On 2024-11-01 17:01, Samudrala, Sridhar wrote:
On 10/31/2024 11:39 PM, Joe Damato wrote:
On Thu, Oct 31, 2024 at 10:47:05PM -0500, Samudrala, Sridhar wrote:
On 10/31/2024 7:48 PM, Joe Damato wrote:
Describe irq suspension, the epoll ioctls, and the tradeoffs of using
different gro_flush_timeout values.
[...]
+To use this mechanism:
+
+ 1. The per-NAPI config parameter ``irq_suspend_timeout`` should
be set to the
+ maximum time (in nanoseconds) the application can have its IRQs
+ suspended. This is done using netlink, as described above.
This timeout
+ serves as a safety mechanism to restart IRQ driver interrupt
processing if
+ the application has stalled. This value should be chosen so
that it covers
+ the amount of time the user application needs to process data
from its
+ call to epoll_wait, noting that applications can control how
much data
+ they retrieve by setting ``max_events`` when calling epoll_wait.
+
+ 2. The sysfs parameter or per-NAPI config parameters
``gro_flush_timeout``
+ and ``napi_defer_hard_irqs`` can be set to low values. They
will be used
+ to defer IRQs after busy poll has found no data.

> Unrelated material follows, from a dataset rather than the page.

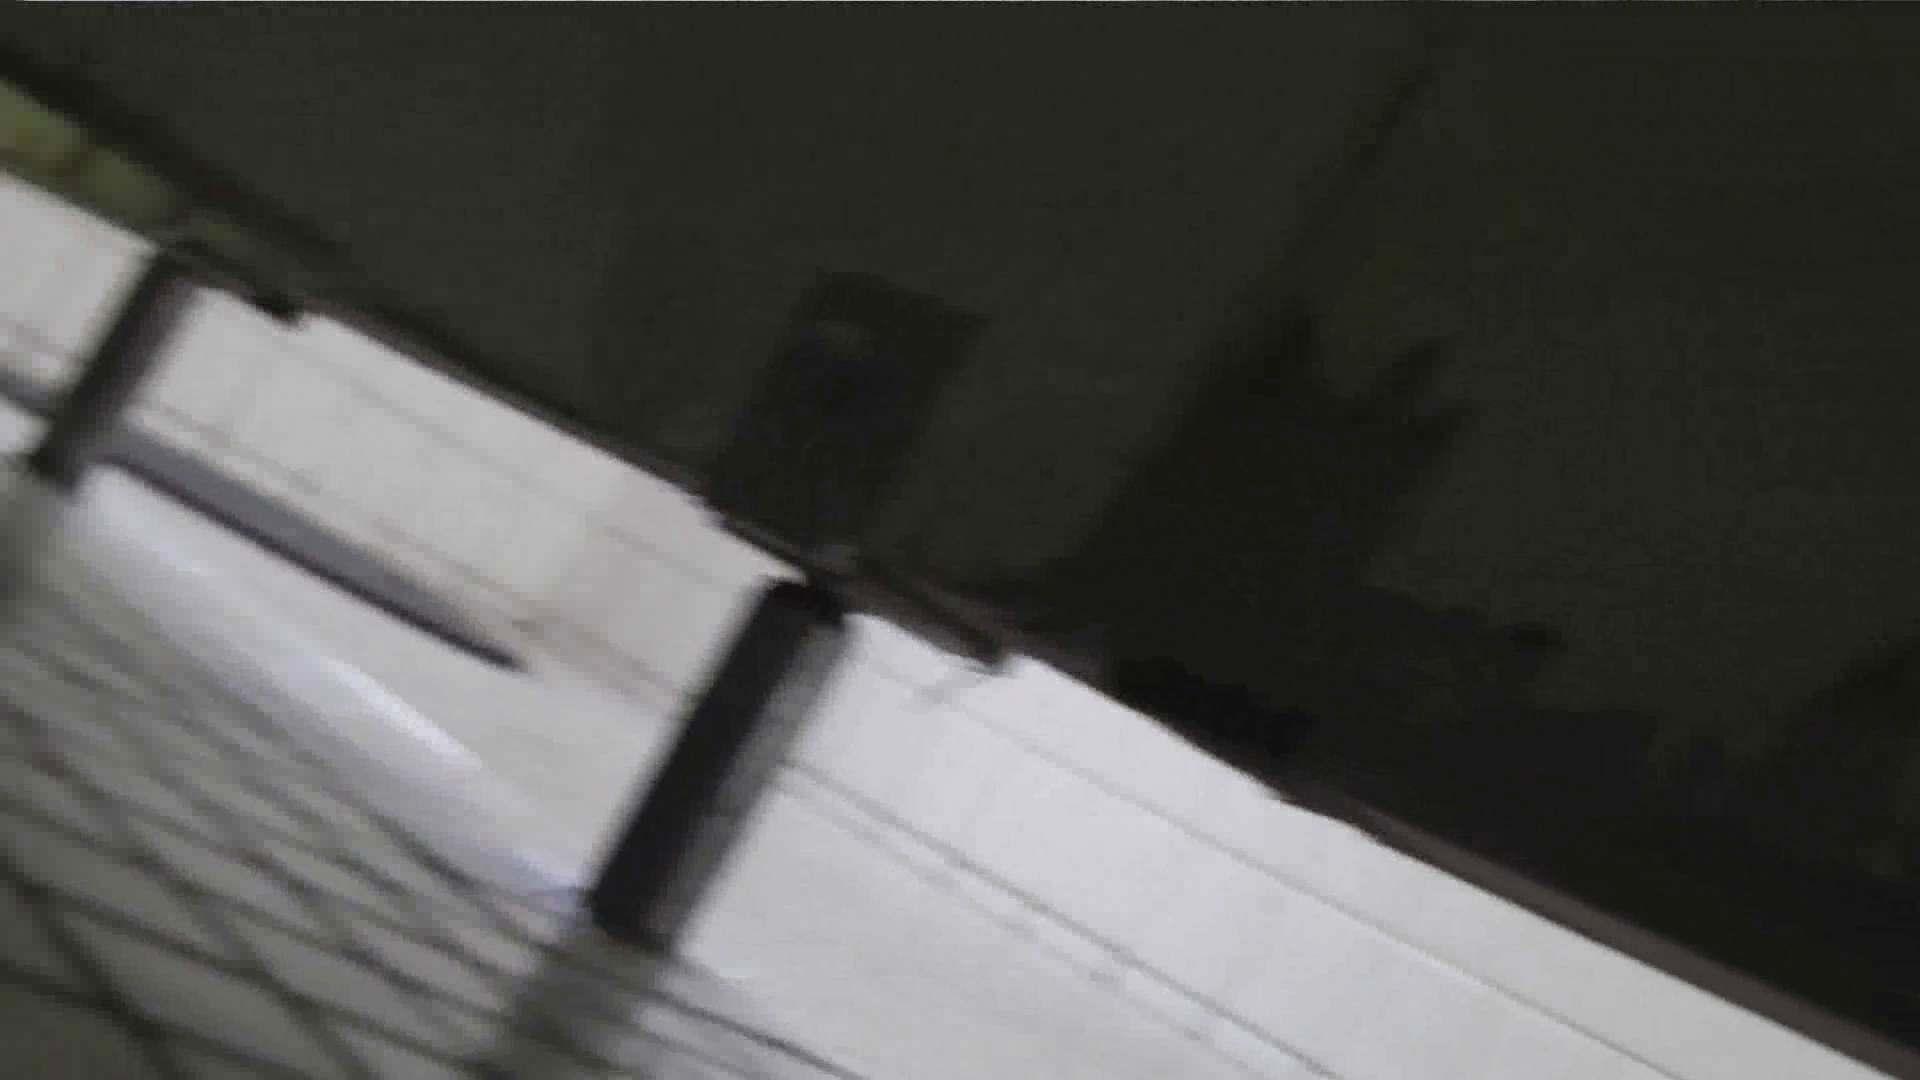 【美しき個室な世界】 vol.023 めんこい人たち 洗面所  104pic 10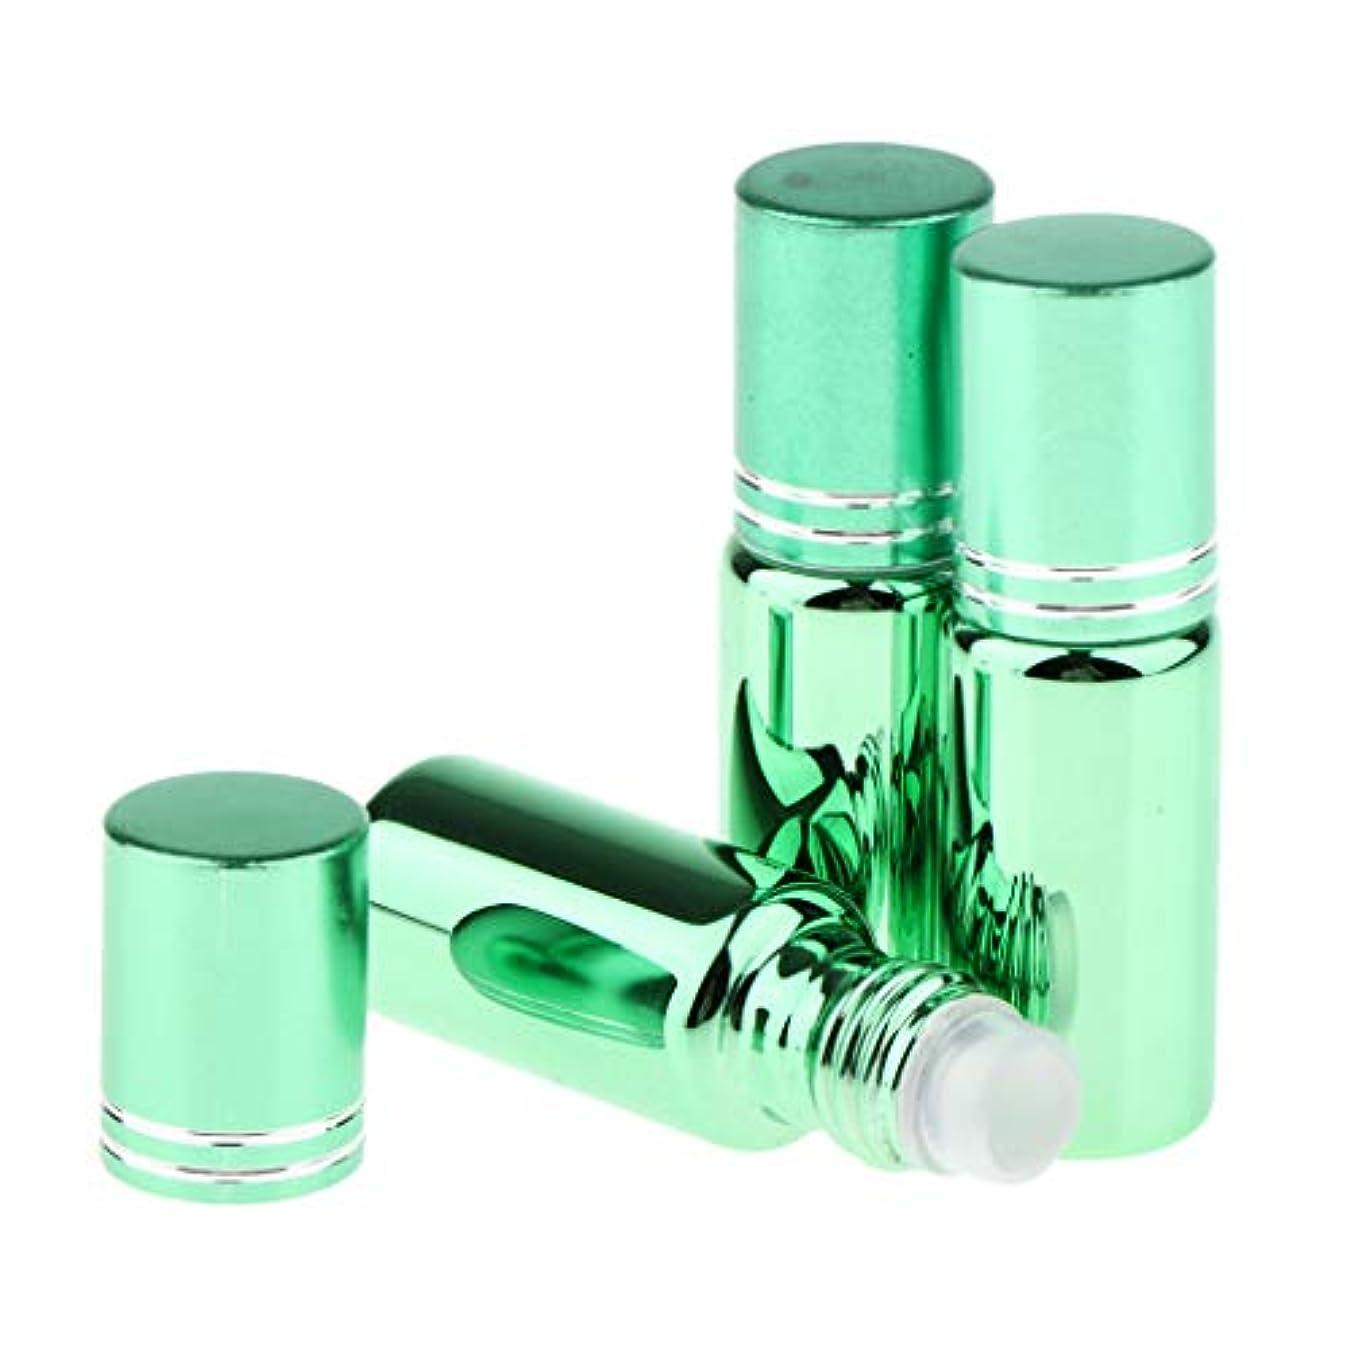 ストライド組み合わせる多くの危険がある状況香水 ロールオン アトマイザー ローラーボトル 容器 アロマテラピー バイアル 全6色 - 緑

Is it required to set gro_flush_timeout and napi_defer_hard_irqs when
irq_suspend_timeout is set? Doesn't it override any smaller
gro_flush_timeout value?
It is not required to use gro_flush_timeout or napi_defer_hard_irqs,
but if they are set they will take over when epoll finds no events.
Their usage is recommended. See the Usage section of the cover
letter for details.
While gro_flush_timeout and napi_defer_hard_irqs are not strictly
required, it is difficult for the polling-based packet delivery loop
to gain control over packet delivery.
Please see a previous email about this from the RFC for more
details:
https://lore.kernel.org/netdev/2bb121dd-3dcd-4142-
ab87-02ccf4afd469@xxxxxxxxxxxx/
OK. Thanks for the clarification.
In the cover letter, you can note the difference in performance when
gro_flush_timeout is set to different values. Note the explanation
of suspendX; each suspend case is testing a different
gro_flush_timeout.
May be you can also include a test scenario in your perf results where
gro_flush_timeout and napi_defer_hard_irqs are not set to show that a
non-zero value of gro_flush_timeout and napi_defer_hard_irqs is
recommended when using irq_suspend_timeout.
Thanks for your feedback. We've updated the cover letter as well as the
kernel documentation to explain this in more detail and to illustrate
why the parameter usage is recommended. We ran experiments with these
parameters set to zero and the results are as expected and essentially
the same as the base case, i.e., irq_suspend_timeout does not have an
effect in this case.
Thanks,
Martin
Let us know if you have any other questions; both Martin and I are
happy to help or further explain anything that is not clear.